With recent hires at both the senior and junior level, the Comparative Literature Department is expanding beyond its historically Western European focus and taking a broader academic approach.

Alexander Beecroft, who is currently finishing up doctorate work at Harvard University, will join the department next fall as a junior professor, comparative literature chairman Michael Holquist said. With a focus on ancient Greek and early Chinese literature, Beecroft will have a shared appointment in the Humanities. Stanford literature professor Haun Saussy, who is also an expert on Chinese poetry and Greek literature, was hired last spring and will join the department in the fall of 2004 as a tenured professor.

“In general our program is thriving,” Holquist said. “A large part of it has to do with the turn towards the world — We really have broken out of our Euro-centric box.”

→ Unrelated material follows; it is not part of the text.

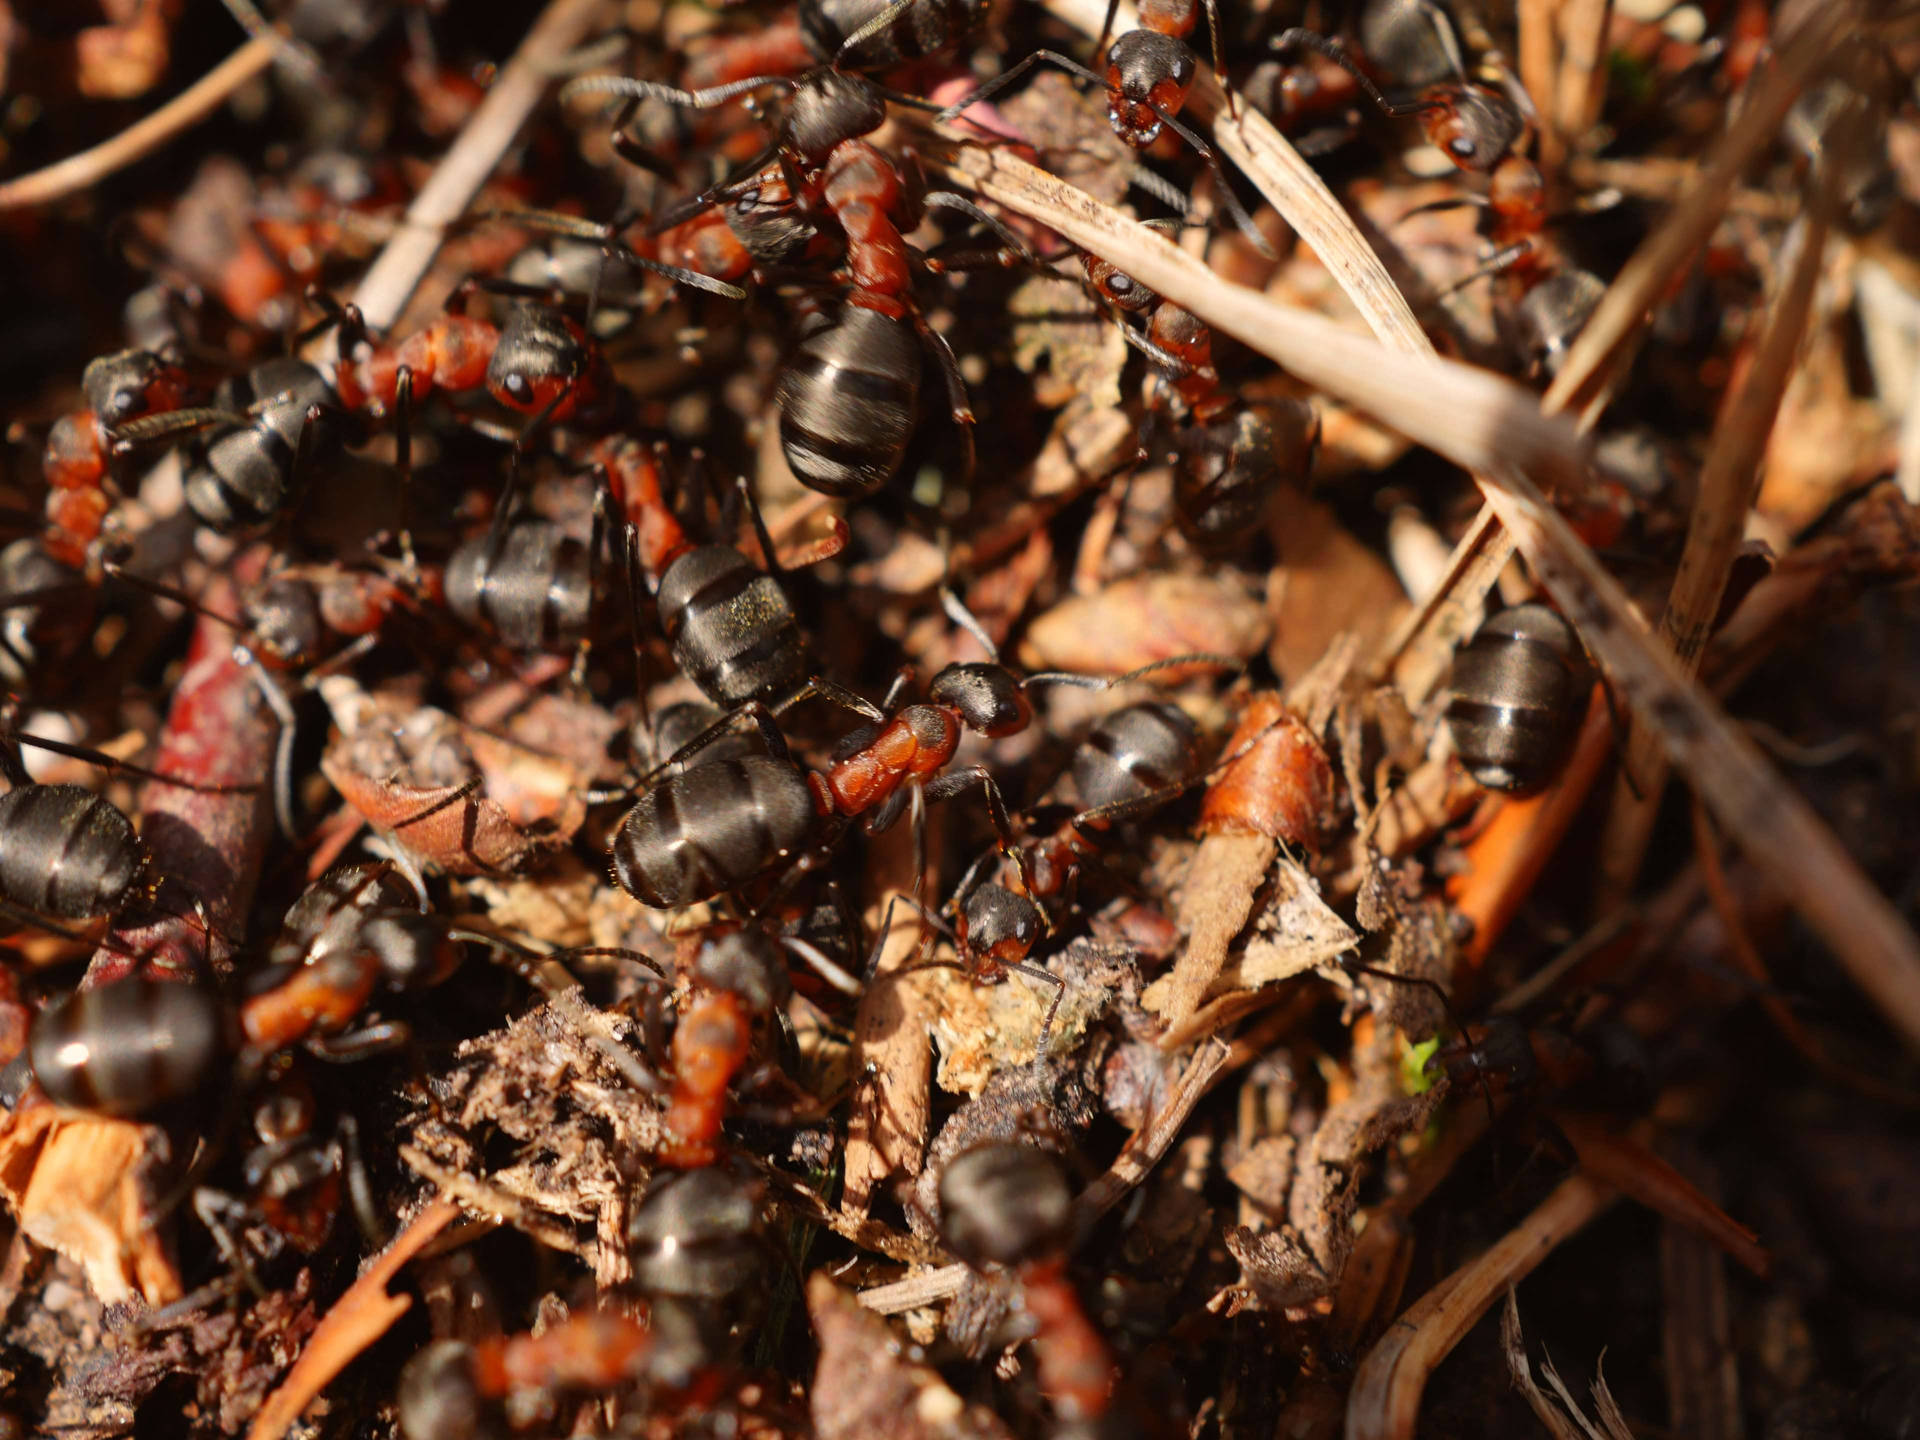 Aneinanderreihenvon Ameisen Wallpaper

Holquist said the number of majors and applications to the graduate program are up in his department. In addition, comparative literature courses have also been attracting more non-majors in recent years, he said.

“The popularity of the ‘World Literature’ course is greater that ever,” Holquist said. “The world film course has been very popular.”

Holquist said the department is expanding its world view in its academic areas and through various programs. The department has helped sponsor conferences at the University of Beijing — something Holquist said increases Yale’s presence in China. He said comparative literature professors have also been active in the Yale Center for International and Area Studies’ Crossing Borders Initiative, which is a three-year-old program designed to examine the new academic role for area studies.

At Yale, Beecroft will teach a directed studies literature section and a freshman seminar on lyric poetry in Greece, Rome and China. He said he will also teach the “World Literatures” class and an upperclassman seminar that compares Chinese and Greek poetry and philosophy.

Beecroft said in his literature dissertation, he is analyzing how oral traditions became written texts in ancient Greece and China.

While Beecroft has an undergraduate degrees in classics, he said he began learning Chinese because of its heavy influence in his western Canadian hometown. Initially, Beecroft thought he would go into business in the Pacific rim, but he said his desire to pursue business eventually faded away, while his interest in Chinese remained.

Holquist said hiring Beecroft and Saussy will strengthen relations with both the Classics Department and East Asian studies.

When Saussy comes to Yale, he will teach courses about Chinese poetry and the interaction between Chinese and European thought.

“I’ll probably do a lot of undergraduate stuff about this problem of reading in a cosmopolitan way,” Saussy said.

He said he is also interested in the history of science, particularly 19th century poets’ views of the brain.

Saussy finished his graduate work at Yale in 1990 and Holquist said he is happy about Saussy’s return to the department.

“I’m very happy he’s coming back because among other things he’s a fine Chinese cook,” Holquist said.